In at least one embodiment, the software 4318 can include any number of different containers, each of which can perform instantiation of an application. In at least one embodiment, each application may perform one or more processing tasks (e.g., reasoning, object detection, feature detection, segmentation, image enhancement, calibration, etc.) in the advanced processing and reasoning pipeline. In at least one embodiment, for each type of imaging device (e.g., CT, MRI, X-ray, ultrasound examination, echocardiography, etc.), sequencing device, radiological device, genomic device, etc., there may be any number of containers that can perform data processing tasks on imaging data 4308 (or other data types, such as those described herein) generated by the device. In at least one embodiment, in addition to containers that receive and configure imaging data for use by each container and/or for use by the facility 4302 after processing through a pipeline, advanced processing and reasoning pipelines may be defined based on selection of different containers desired or required to process the imaging data 4308 (e.g., to convert output back to usable data types such as digital imaging and communications in medicine (DICOM) data, radiology Information System (RIS) data, clinical Information System (CIS) data, remote Procedure Call (RPC) data, data that substantially conforms to a representational state transfer (REST) interface, data that substantially conforms to a file-based interface, and/or raw data for storage and display at the facility 4302). In at least one embodiment, the combination of containers within software 4318 (e.g., which make up a pipeline) may be referred to as a virtual instrument (as described in more detail herein), and the virtual instrument may utilize services 4320 and hardware 4322 to perform some or all of the processing tasks of the applications instantiated in the containers.

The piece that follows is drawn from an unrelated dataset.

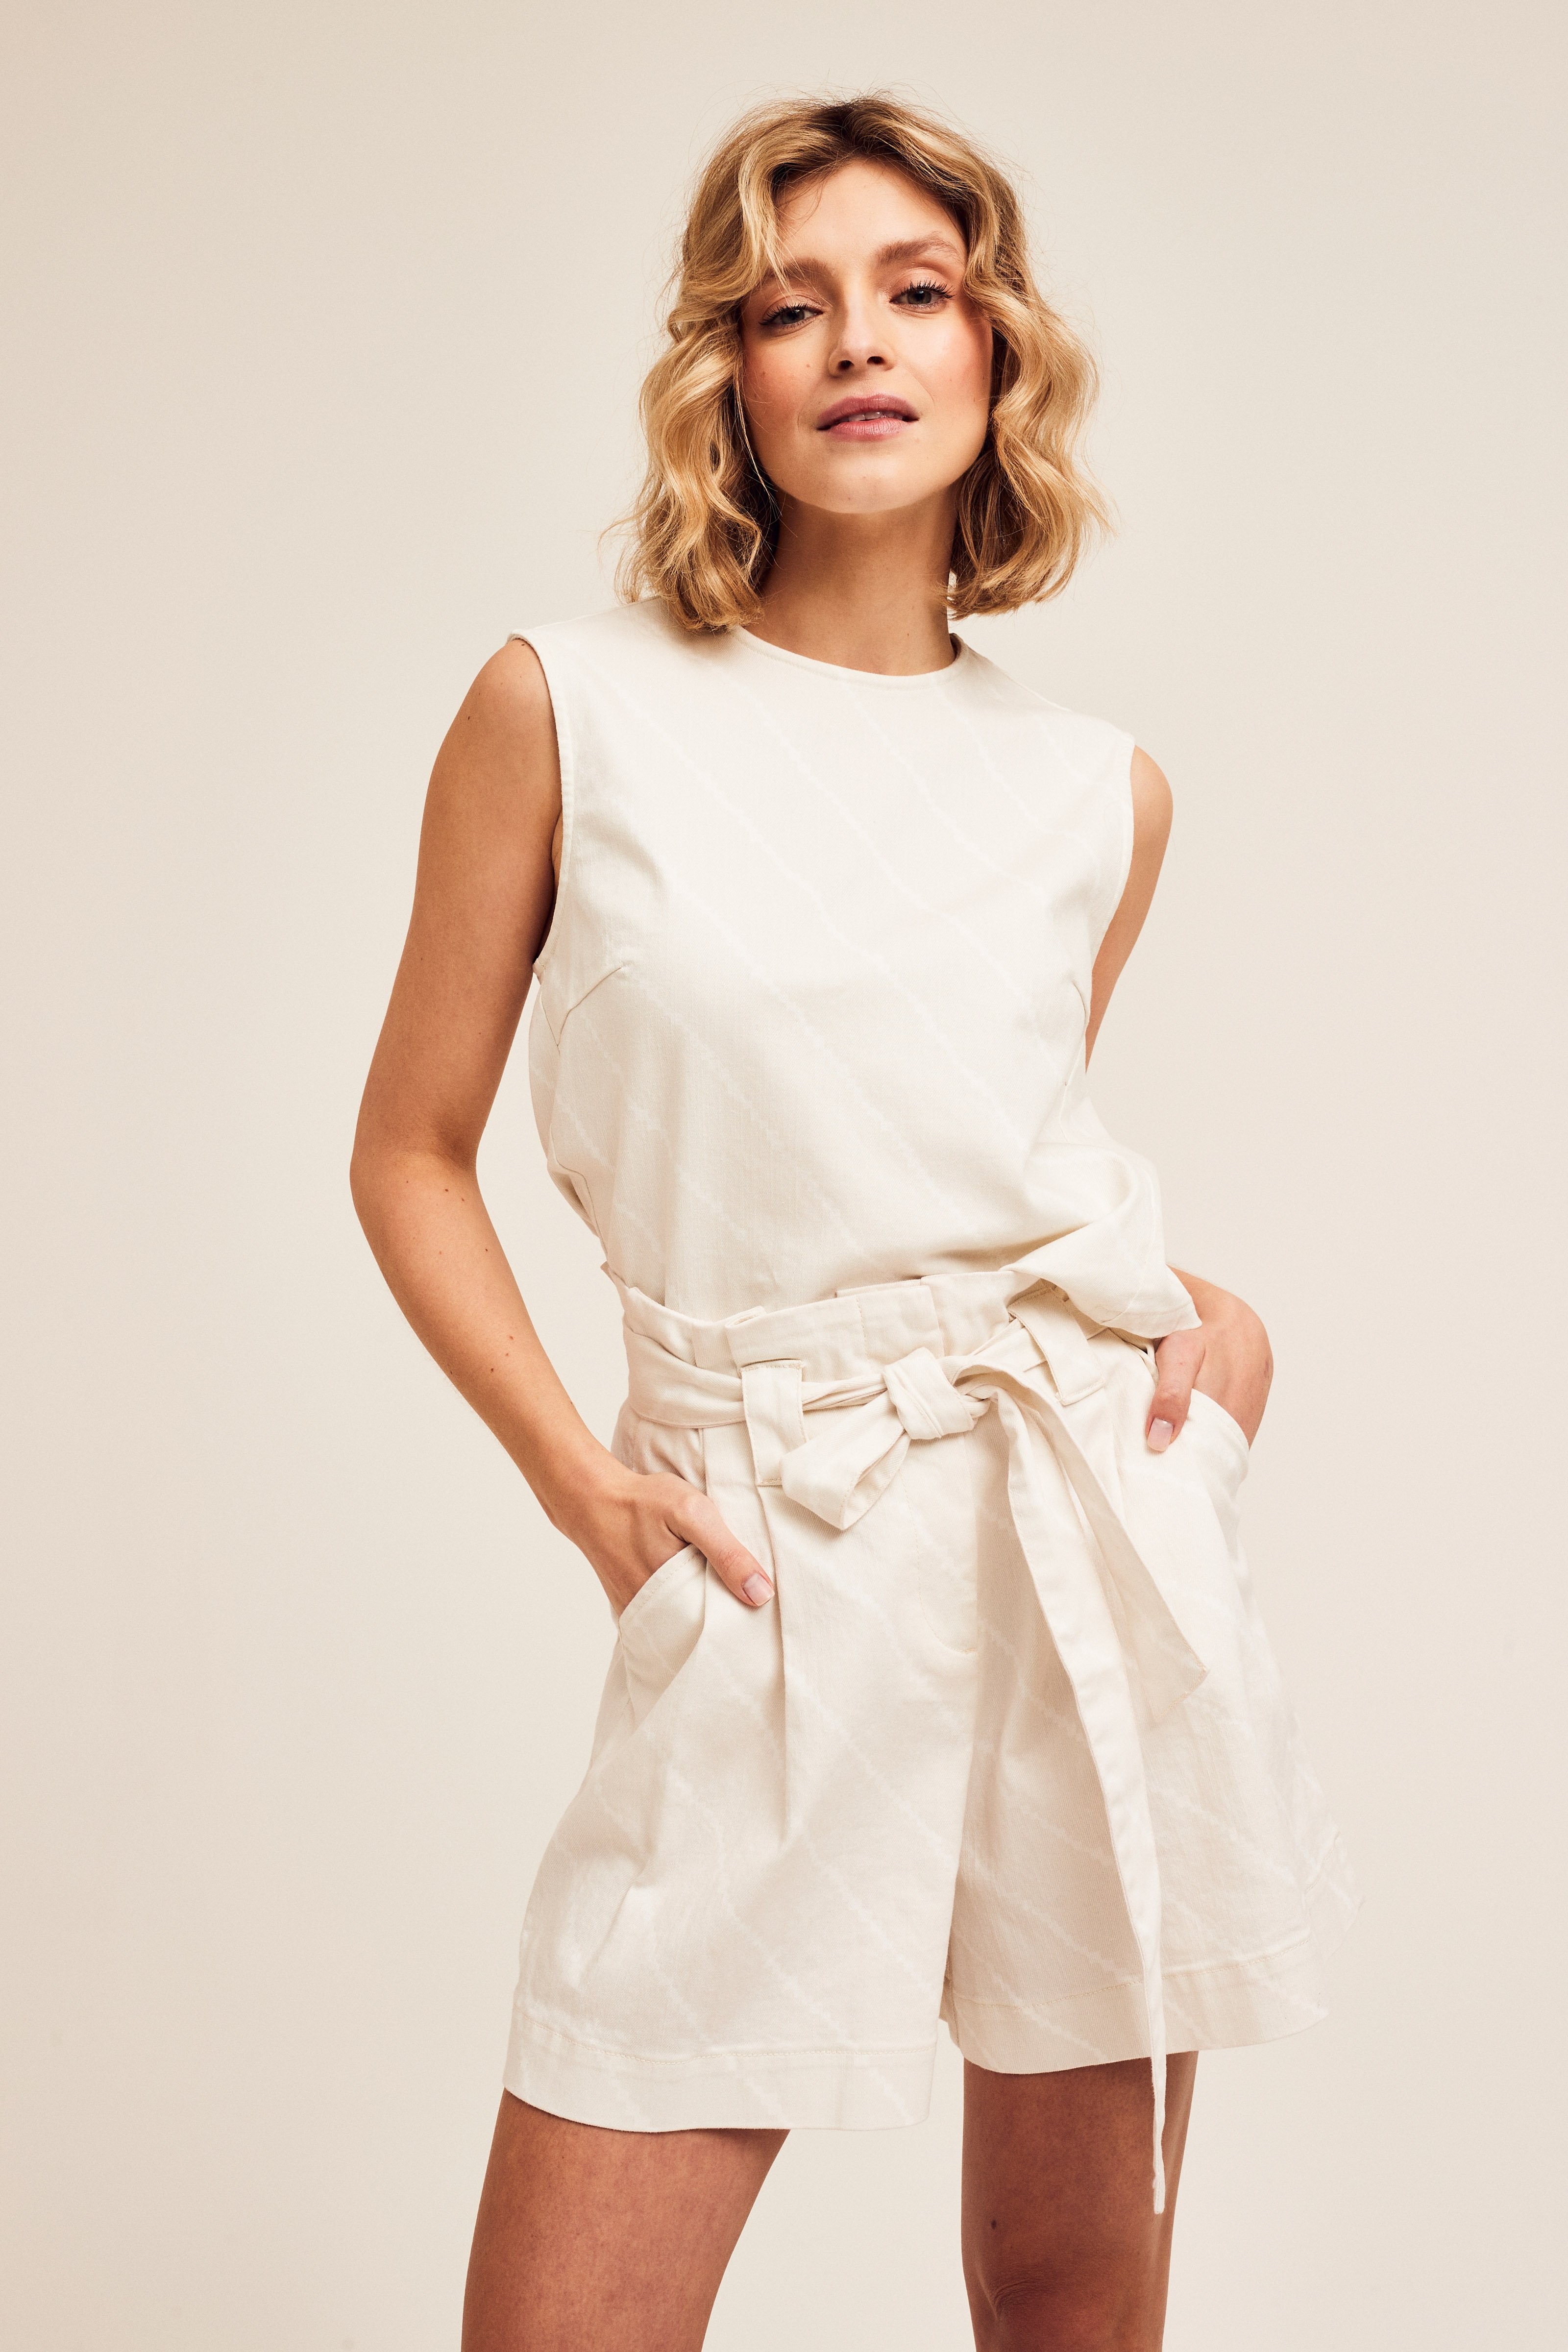 Bedankt Melodieus magnifiek IMANY - blouse zonder mouwen - wit | CKS Fashion

In at least one embodiment, the data processing pipeline can receive DICOM, RIS, CIS, REST, RPC, raw, and/or other formats of input data (e.g., imaging data 4308) in response to an inference request (e.g., a request from a user of the deployment system 4306, e.g., a clinician, doctor, radiologist, etc.). In at least one embodiment, the input data may represent one or more image, video, and/or other data representations generated by one or more imaging devices, sequencing devices, radiological devices, genomic devices, and/or other device types. In at least one embodiment, the data may be pre-processed as part of a data processing pipeline to prepare the data for processing by one or more applications. In at least one embodiment, post-processing may be performed on the output of one or more inference tasks or other processing tasks of the pipeline to prepare the output data of the next application and/or to prepare the output data for transmission and/or use by a user (e.g., as a response to an inference request). In at least one embodiment, the inference tasks may be performed by one or more machine learning models, such as a trained or deployed neural network, which may include the output model 4316 of the training system 4304.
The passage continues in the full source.